**Supplied material**
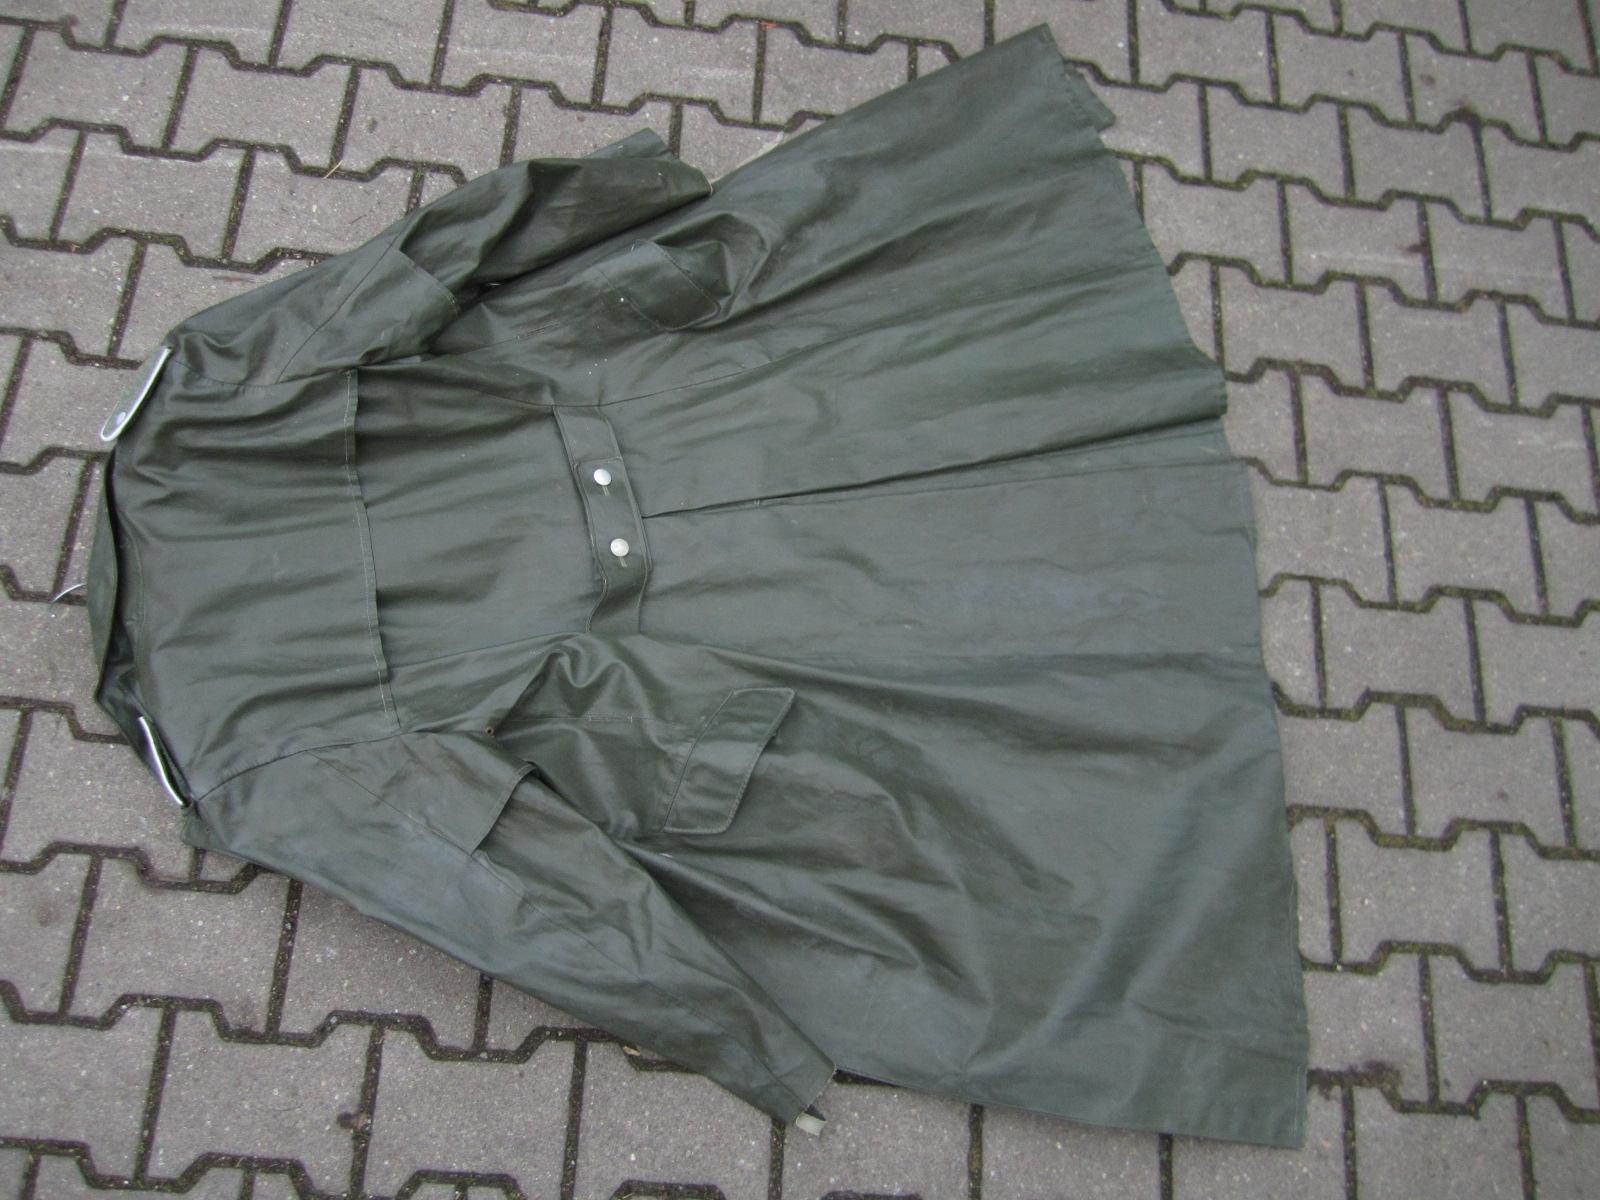 Identification Manteau de pluie WH 03b7b990-0afb-40f1-bdb7-35649d44b035
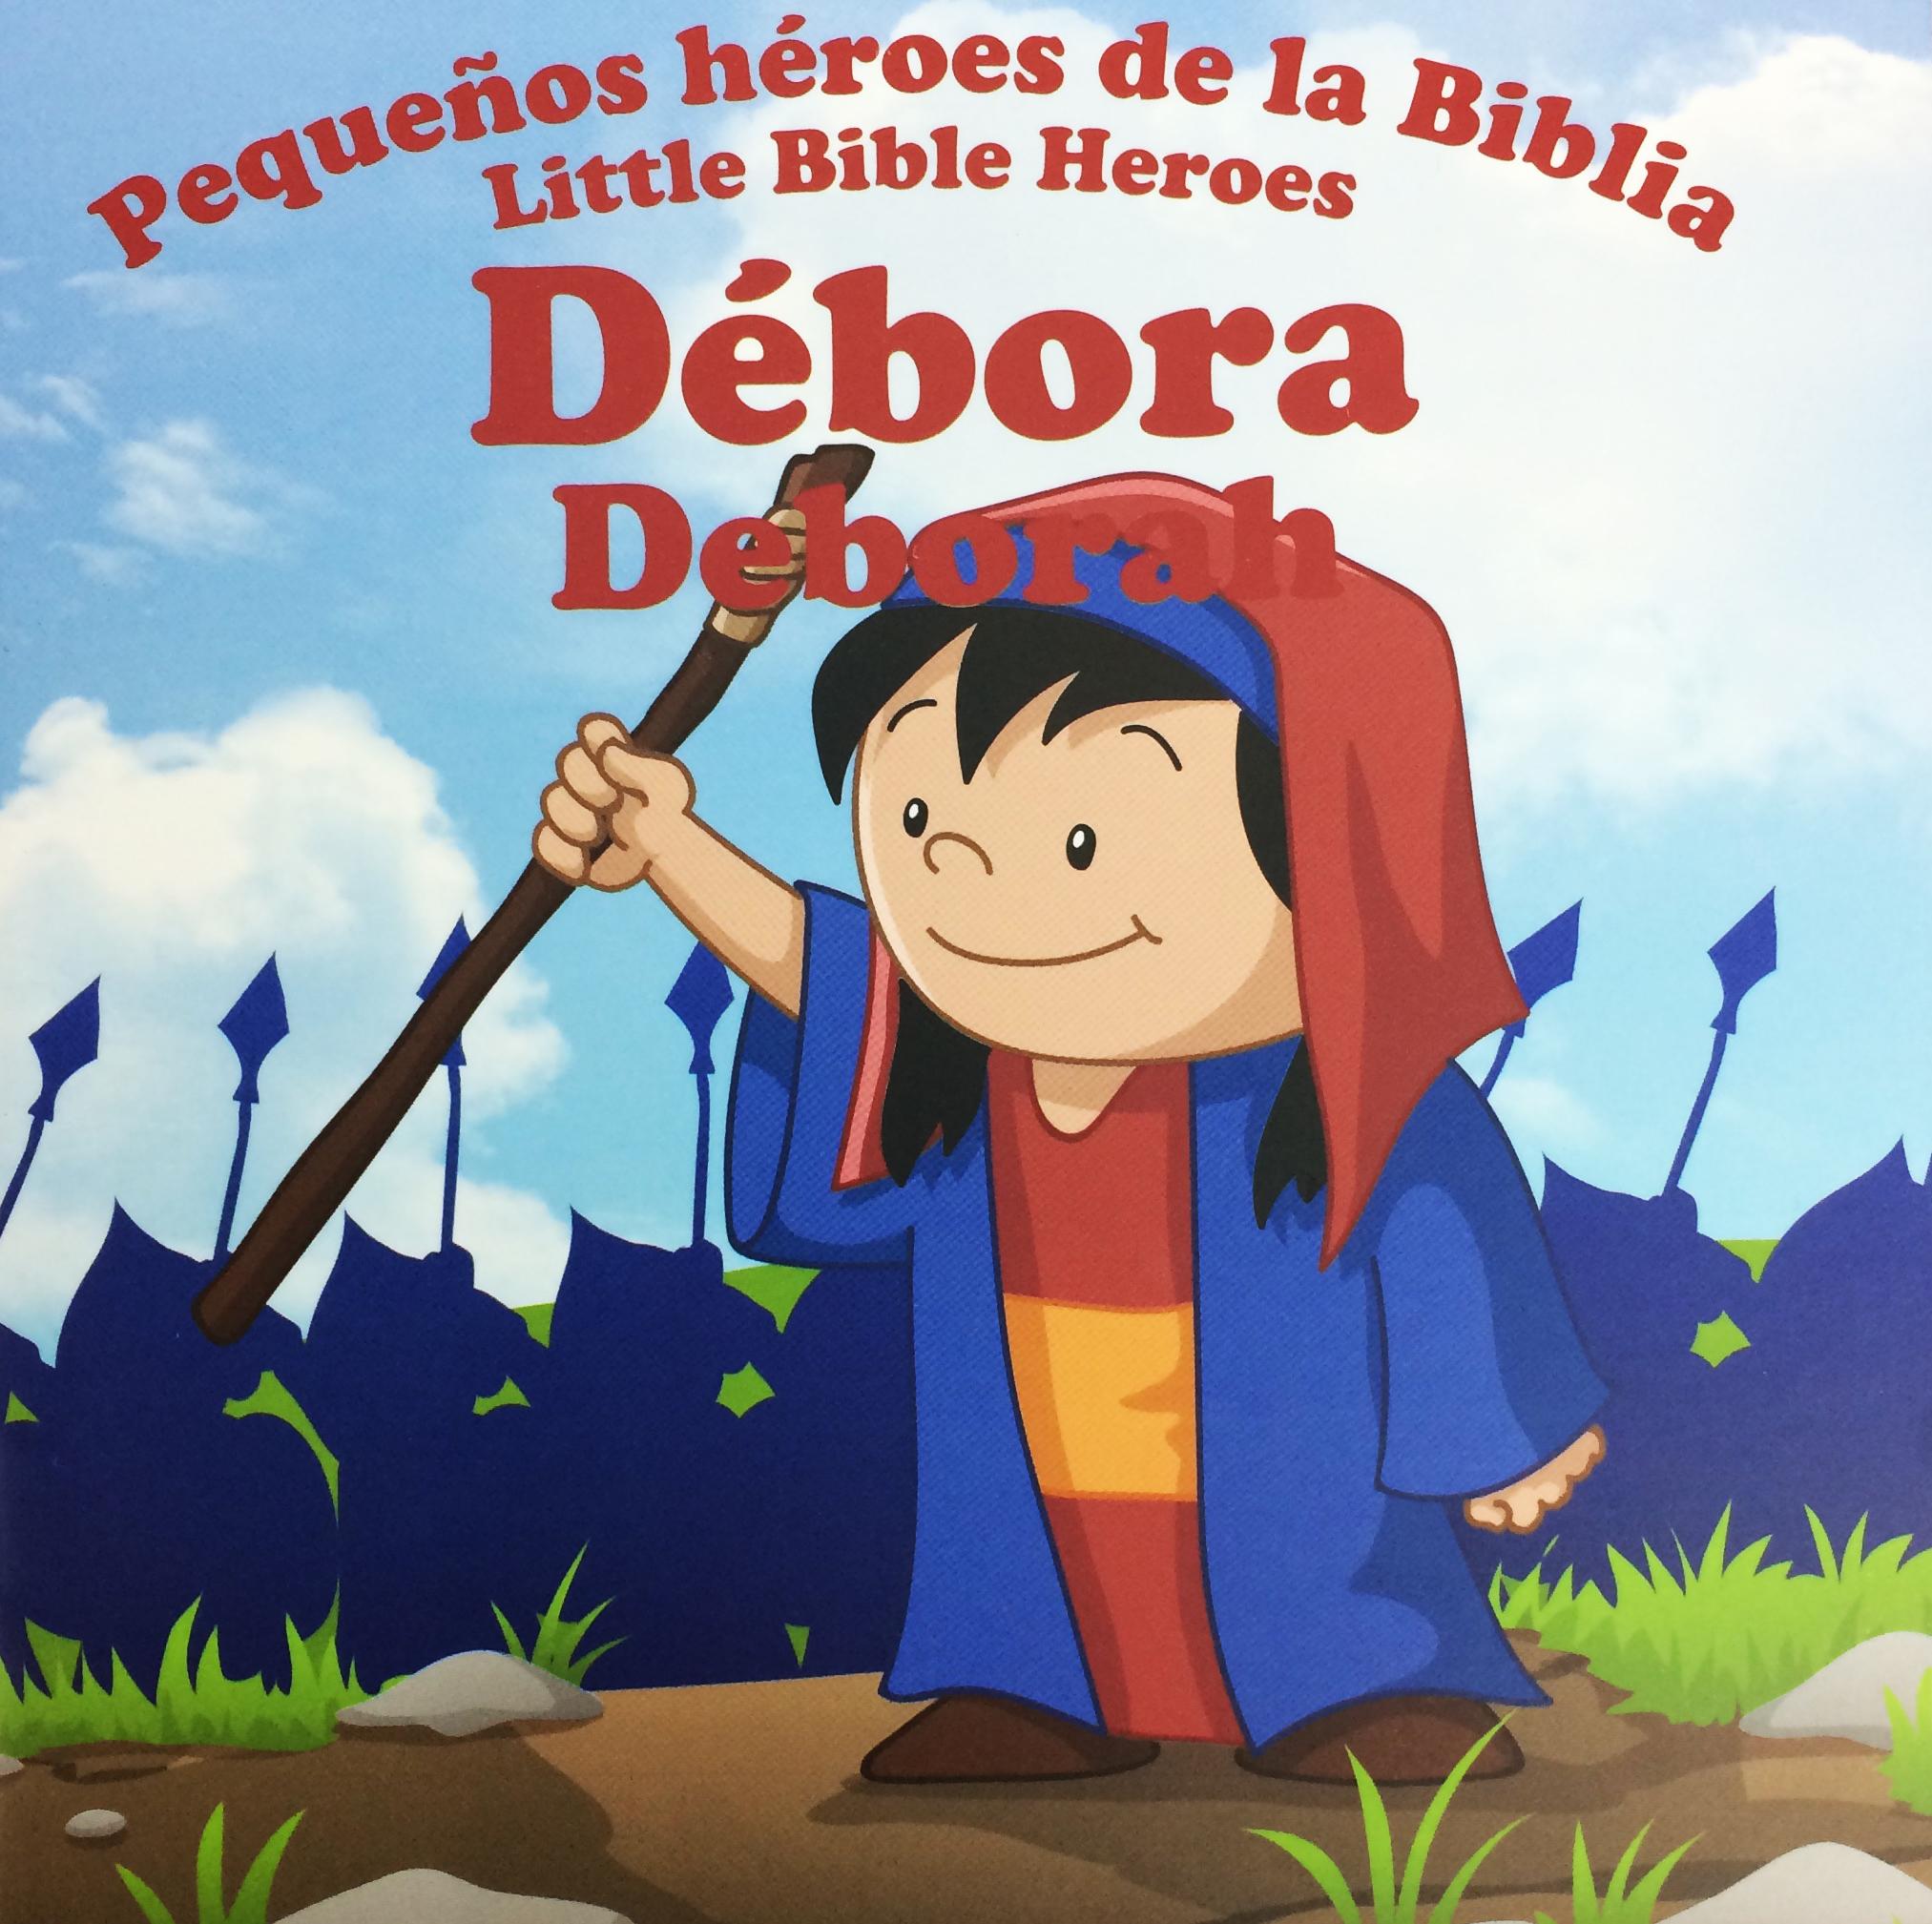 DEBORA PEQUEÑOS HEROES
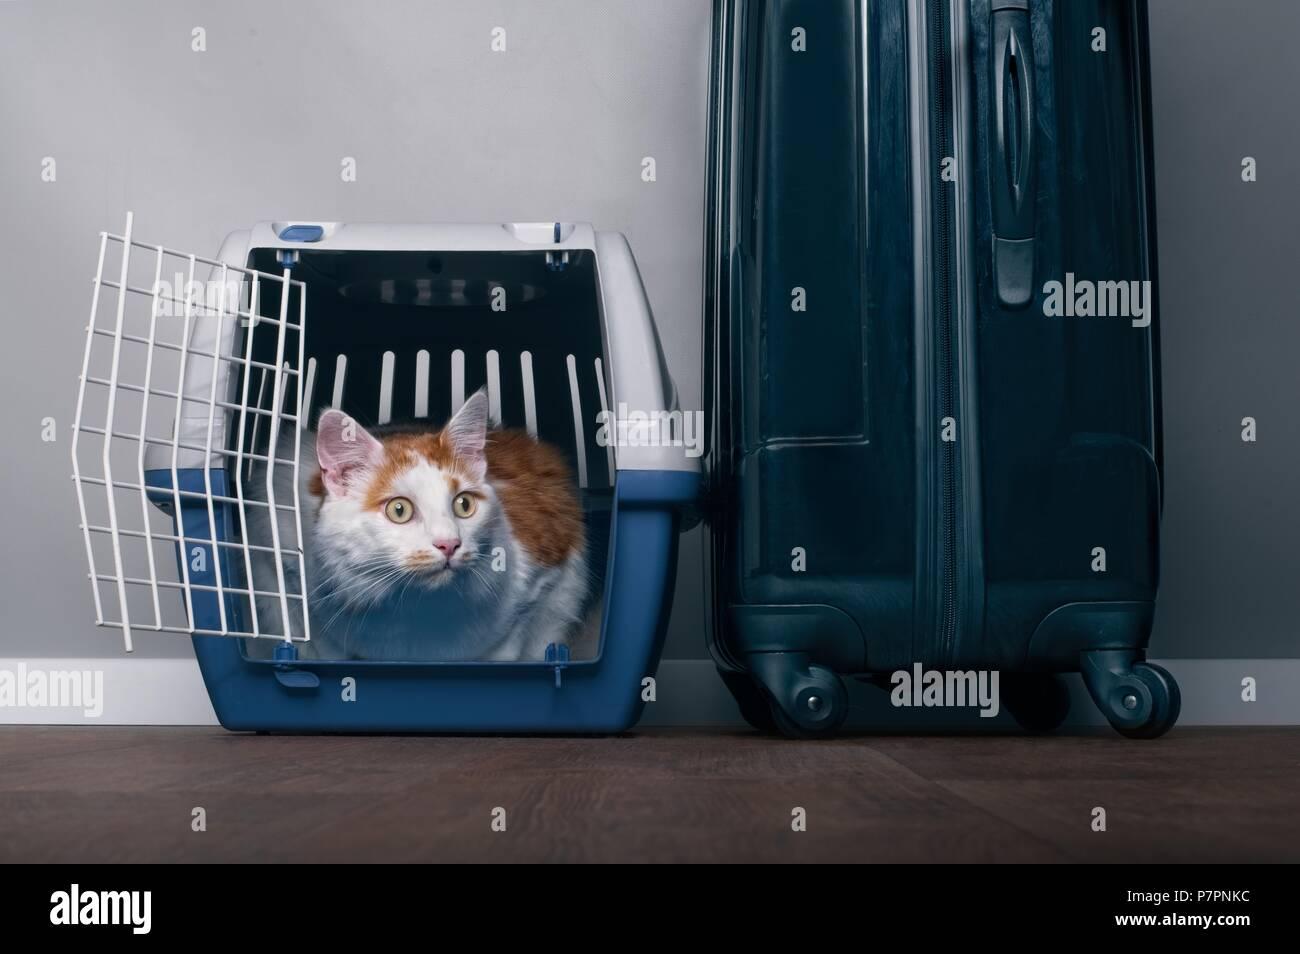 Carino tabby cat sedersi in una cassa viaggio accanto una valigia e aspetto con ansia sideway s. Immagini Stock

**Problem statement**
In repeating the lines above, keep the wording exact and leave every picture out.

**Task answer**
 Identification Manteau de pluie WH 03b7b990-0afb-40f1-bdb7-35649d44b035
 DEBORA PEQUEÑOS HEROES
 Carino tabby cat sedersi in una cassa viaggio accanto una valigia e aspetto con ansia sideway s. Immagini Stock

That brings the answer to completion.